Updated

The state social services agency on Wednesday was moving to shut down nine homes used for child daycare and foster care after an audit found registered sex offenders living there in violation of state law.

The revelation came after state auditors compared the addresses of 75,000 licensed facilities, including foster family homes and daycare centers, with the state's database of registered sex offenders.

California Department of Social Services Director John Wagner said the audit found that the addresses of 49 sex offenders matched those of 46 child care facilities.

The department was able to confirm nine of the cases during inspections of all 46 facilities that were completed Monday, Wagner said.

Three license suspensions already are in effect — two in Los Angeles and one in San Bernardino. Two foster children were removed by local authorities in one of the cases, Wagner said.

The department would not immediately give details on the other six pending suspensions.

"It goes without saying, anyone convicted of a sex offense has no business being anywhere near a licensed facility for children," Wagner said. "Protecting children in our licensed facilities is our highest priority."

The Bureau of State Audits asked for the department's database of licensed facilities in November, but the social services agency did not learn of the matches with sex offenders until last week, Wagner said. The audit is due for release on Tuesday.

Of the 46 address matches, 25 were in Los Angeles, eight in the Central Valley, seven in the San Francisco Bay area, four in San Diego, and one each in San Bernardino and Sacramento.

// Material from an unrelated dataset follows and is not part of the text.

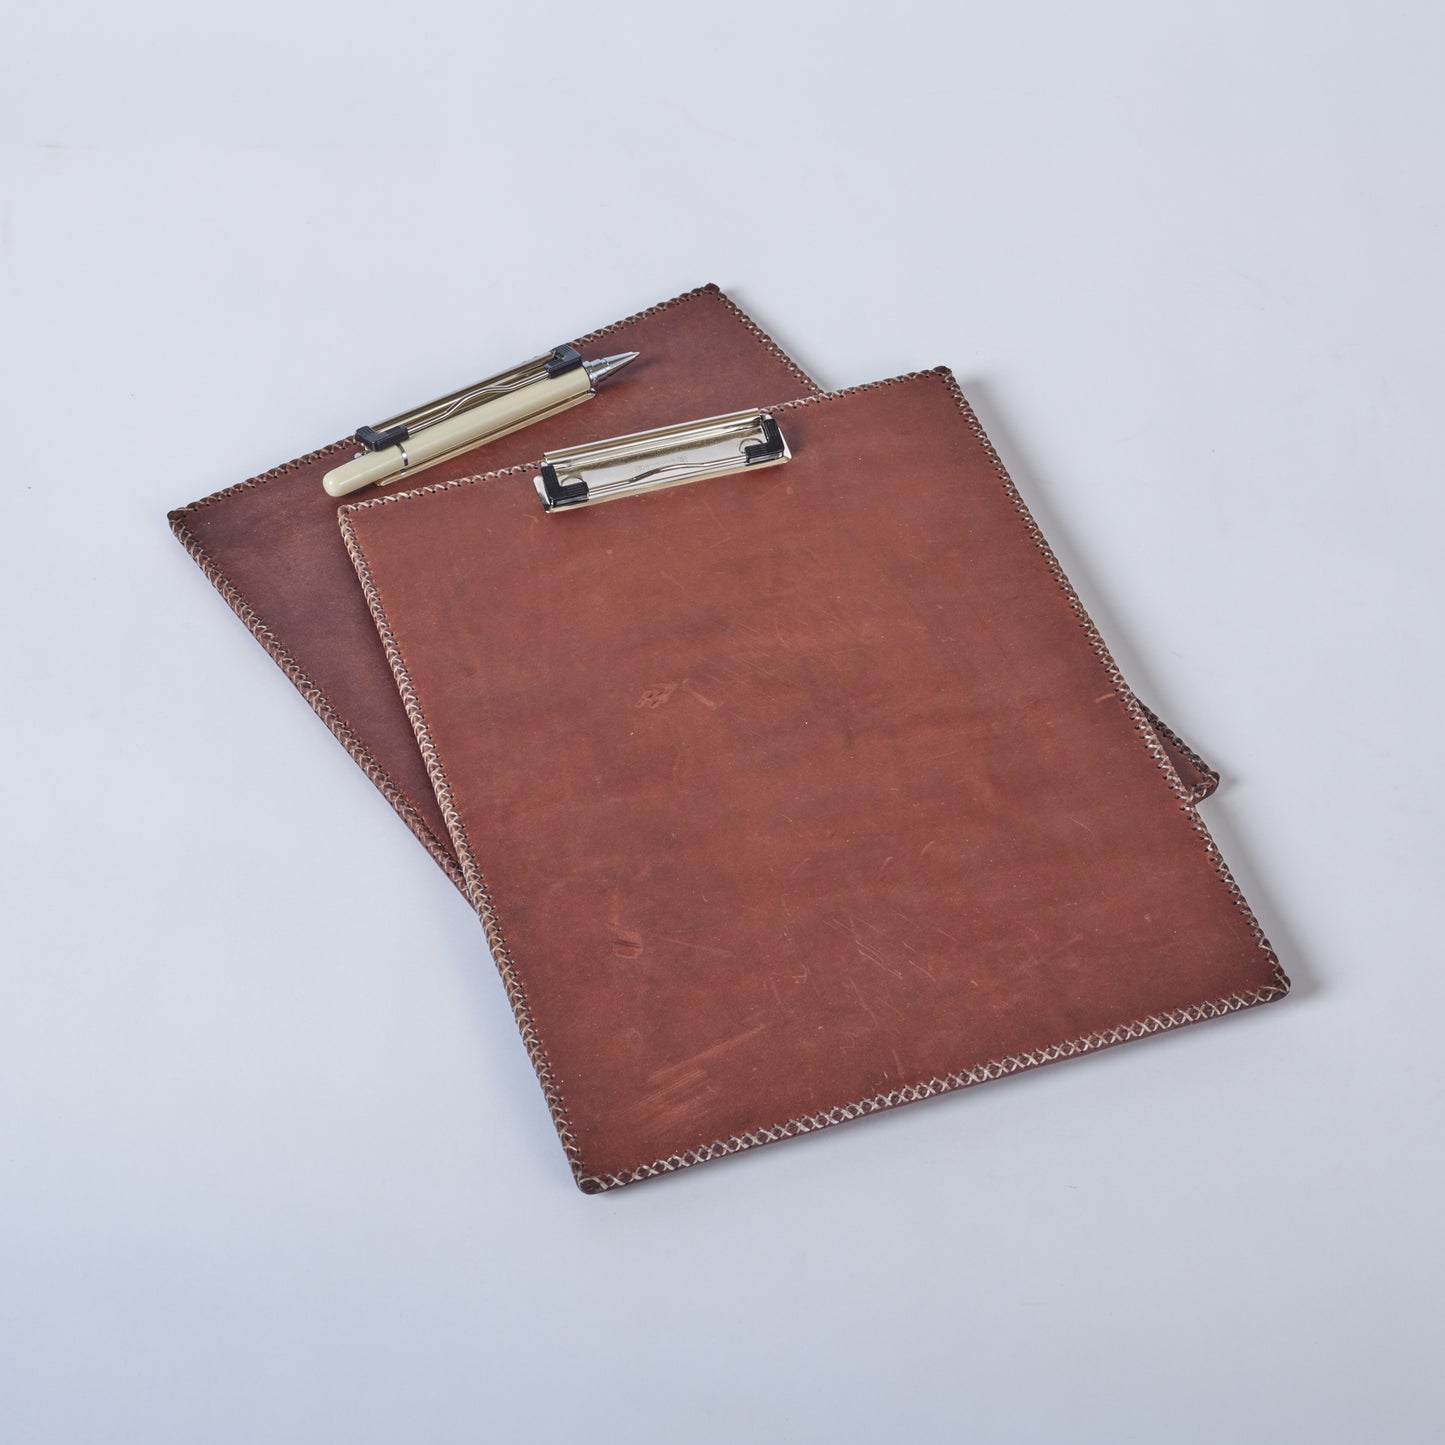 Leather Clipboard

In most cases, the department's inspectors could not verify that a sex offender was living at the address or found that the offender was there but children were not present.

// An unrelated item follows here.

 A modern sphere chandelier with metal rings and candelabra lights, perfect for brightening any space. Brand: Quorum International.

It is a violation of state law for daycare and foster care licensees not to report the presence of a registered sex offender, Wagner said.

The Department of Social Services needs that information to conduct background checks on the license holder and others living at the home or child care center. Had the department discovered a resident was a sex offender, the license would have been denied or suspended, he said.

In the three cases in which licenses were suspended this week, one offender had been convicted of sexual battery while the other two had been convicted of oral copulation with a minor, said Larry Bolton, the department's chief lawyer.

Investigators are interviewing the children who had contact in each of the homes or day care centers.

"We haven't finished the interviews, but no indication yet" that any child was actually abused, Bolton said.